→ **GOAL OF THE EXERCISE**
Only the lines that hold "Images" should be in the answer, each copied from the data below.

DATA TO EXAMINE below:

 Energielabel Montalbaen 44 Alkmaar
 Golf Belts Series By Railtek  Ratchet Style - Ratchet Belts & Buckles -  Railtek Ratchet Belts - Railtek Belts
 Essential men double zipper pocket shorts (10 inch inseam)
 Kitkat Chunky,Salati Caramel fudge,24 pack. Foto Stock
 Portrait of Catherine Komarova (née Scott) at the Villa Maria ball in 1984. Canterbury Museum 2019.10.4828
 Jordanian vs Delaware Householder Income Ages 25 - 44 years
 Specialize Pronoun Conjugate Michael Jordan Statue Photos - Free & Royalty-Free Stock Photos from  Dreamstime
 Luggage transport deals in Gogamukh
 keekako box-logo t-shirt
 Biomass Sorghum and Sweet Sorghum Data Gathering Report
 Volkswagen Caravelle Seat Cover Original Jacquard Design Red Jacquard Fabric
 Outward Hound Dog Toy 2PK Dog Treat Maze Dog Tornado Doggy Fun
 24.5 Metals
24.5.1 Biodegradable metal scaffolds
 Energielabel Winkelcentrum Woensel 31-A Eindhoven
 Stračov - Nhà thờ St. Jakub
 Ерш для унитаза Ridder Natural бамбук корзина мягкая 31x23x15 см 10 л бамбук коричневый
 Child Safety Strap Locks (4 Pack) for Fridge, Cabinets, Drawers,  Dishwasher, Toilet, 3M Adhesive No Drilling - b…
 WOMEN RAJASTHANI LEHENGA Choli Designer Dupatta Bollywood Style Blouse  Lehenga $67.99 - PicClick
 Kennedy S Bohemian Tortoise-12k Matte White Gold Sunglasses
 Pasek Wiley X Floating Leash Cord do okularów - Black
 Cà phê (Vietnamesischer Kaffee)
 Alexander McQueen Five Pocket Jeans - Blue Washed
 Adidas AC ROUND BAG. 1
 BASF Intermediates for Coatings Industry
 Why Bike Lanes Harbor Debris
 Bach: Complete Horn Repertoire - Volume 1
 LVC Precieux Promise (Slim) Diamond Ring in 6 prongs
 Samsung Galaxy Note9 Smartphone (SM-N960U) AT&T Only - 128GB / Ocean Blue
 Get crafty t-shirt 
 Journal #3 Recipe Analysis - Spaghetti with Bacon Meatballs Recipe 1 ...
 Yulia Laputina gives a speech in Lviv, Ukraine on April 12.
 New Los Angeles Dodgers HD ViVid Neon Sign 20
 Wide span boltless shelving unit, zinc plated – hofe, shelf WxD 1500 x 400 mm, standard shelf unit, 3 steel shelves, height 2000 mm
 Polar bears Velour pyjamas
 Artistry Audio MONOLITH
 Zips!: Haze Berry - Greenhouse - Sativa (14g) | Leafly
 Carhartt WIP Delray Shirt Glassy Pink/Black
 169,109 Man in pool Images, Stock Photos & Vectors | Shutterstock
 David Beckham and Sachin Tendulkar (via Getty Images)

End of DATA TO EXAMINE.

→ **RESPONSE BELOW**
 169,109 Man in pool Images, Stock Photos & Vectors | Shutterstock
 David Beckham and Sachin Tendulkar (via Getty Images)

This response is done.